Activity: Scan the entries that follow and give only the number of lines containing "Anti".

↓↓↓

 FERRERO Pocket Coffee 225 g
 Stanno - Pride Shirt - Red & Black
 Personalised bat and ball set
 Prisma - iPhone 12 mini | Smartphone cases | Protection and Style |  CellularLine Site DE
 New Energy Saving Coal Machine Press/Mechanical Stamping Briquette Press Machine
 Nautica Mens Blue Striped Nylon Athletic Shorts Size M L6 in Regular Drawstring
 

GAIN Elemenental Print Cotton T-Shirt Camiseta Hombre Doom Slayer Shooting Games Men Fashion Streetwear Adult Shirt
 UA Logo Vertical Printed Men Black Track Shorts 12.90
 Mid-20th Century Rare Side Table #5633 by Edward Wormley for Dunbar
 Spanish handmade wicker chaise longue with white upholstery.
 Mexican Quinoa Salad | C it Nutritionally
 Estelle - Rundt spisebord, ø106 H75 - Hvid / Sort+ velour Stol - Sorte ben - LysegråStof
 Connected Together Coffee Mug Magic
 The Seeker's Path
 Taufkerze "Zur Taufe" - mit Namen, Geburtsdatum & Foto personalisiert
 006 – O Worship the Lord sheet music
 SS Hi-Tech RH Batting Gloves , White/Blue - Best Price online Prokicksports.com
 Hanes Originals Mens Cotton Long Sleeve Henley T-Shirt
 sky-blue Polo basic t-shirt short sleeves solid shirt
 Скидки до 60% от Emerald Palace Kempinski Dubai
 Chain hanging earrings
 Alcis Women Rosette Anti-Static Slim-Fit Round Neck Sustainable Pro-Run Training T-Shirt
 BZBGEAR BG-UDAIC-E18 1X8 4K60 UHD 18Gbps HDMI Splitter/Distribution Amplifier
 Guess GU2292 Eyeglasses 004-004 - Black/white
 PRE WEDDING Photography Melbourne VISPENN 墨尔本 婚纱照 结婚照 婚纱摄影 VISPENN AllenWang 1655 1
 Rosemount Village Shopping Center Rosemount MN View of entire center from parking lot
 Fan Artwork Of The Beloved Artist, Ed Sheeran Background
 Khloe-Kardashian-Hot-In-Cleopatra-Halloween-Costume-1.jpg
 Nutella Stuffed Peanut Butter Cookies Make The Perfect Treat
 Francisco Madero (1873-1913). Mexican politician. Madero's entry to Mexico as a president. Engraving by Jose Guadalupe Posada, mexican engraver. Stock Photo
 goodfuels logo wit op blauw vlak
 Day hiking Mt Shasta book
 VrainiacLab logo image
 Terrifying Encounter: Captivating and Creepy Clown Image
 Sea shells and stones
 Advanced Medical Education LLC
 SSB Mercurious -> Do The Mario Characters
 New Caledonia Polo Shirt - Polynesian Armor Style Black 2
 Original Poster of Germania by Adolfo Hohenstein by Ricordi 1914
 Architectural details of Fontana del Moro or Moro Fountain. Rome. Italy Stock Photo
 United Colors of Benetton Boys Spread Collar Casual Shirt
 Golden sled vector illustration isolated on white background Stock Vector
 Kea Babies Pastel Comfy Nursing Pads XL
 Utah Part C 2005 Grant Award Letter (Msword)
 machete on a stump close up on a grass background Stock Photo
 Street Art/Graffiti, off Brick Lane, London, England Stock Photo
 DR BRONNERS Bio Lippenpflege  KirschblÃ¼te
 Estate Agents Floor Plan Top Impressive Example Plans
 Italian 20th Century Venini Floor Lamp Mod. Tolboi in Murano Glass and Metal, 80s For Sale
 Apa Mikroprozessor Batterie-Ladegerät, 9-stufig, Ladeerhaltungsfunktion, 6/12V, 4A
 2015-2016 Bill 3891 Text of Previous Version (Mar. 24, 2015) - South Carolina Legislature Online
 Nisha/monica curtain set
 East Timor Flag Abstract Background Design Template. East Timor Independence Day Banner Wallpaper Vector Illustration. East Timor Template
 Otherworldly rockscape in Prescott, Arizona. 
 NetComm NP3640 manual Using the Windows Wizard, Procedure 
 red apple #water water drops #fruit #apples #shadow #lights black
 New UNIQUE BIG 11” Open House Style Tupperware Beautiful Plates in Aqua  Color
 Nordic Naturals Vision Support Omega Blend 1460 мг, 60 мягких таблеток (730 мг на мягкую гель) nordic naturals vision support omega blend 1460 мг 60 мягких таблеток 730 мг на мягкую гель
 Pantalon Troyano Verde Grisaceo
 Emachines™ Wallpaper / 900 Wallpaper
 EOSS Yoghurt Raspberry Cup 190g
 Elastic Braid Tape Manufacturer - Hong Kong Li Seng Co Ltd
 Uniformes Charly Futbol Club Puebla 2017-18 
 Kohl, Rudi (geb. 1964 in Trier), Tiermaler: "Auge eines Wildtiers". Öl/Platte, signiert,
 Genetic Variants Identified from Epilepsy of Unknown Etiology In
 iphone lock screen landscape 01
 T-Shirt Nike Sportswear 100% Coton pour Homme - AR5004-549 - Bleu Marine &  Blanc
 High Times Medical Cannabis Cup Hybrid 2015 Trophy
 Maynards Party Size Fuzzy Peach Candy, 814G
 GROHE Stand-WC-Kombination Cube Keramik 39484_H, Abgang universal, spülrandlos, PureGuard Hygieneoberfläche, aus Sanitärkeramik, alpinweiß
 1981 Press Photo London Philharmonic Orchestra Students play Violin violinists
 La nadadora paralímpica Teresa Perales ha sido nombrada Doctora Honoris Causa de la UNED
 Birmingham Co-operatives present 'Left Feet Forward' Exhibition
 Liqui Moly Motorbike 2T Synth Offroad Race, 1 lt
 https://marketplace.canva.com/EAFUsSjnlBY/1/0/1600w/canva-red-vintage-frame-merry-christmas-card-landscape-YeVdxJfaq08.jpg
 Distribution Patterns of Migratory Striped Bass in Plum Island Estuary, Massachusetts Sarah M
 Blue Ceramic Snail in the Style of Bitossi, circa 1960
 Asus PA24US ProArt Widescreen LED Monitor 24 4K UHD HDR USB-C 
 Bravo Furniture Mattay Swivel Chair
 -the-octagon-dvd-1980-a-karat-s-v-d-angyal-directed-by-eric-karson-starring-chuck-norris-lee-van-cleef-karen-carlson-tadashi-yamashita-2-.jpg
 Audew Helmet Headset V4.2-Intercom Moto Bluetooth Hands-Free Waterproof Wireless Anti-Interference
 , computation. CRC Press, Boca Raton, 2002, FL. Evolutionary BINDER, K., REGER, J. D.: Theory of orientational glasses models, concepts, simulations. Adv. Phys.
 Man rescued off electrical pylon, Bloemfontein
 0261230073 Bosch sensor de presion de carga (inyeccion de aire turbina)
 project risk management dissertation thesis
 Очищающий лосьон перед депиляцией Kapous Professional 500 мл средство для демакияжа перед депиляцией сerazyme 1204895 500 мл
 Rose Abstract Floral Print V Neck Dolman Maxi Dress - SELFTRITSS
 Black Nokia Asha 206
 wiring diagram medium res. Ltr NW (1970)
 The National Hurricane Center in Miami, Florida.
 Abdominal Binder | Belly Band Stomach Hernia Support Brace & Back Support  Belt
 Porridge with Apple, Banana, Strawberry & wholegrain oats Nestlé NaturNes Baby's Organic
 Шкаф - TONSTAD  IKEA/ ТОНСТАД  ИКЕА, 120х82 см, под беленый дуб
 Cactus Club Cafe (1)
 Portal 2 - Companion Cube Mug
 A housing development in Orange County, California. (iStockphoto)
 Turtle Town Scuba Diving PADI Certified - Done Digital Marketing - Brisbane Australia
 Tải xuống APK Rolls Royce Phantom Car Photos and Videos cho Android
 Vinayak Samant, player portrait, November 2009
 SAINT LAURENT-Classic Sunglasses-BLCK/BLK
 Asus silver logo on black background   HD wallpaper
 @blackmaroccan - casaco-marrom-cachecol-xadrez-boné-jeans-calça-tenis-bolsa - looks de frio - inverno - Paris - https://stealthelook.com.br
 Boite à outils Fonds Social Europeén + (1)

↑↑↑

Result: 2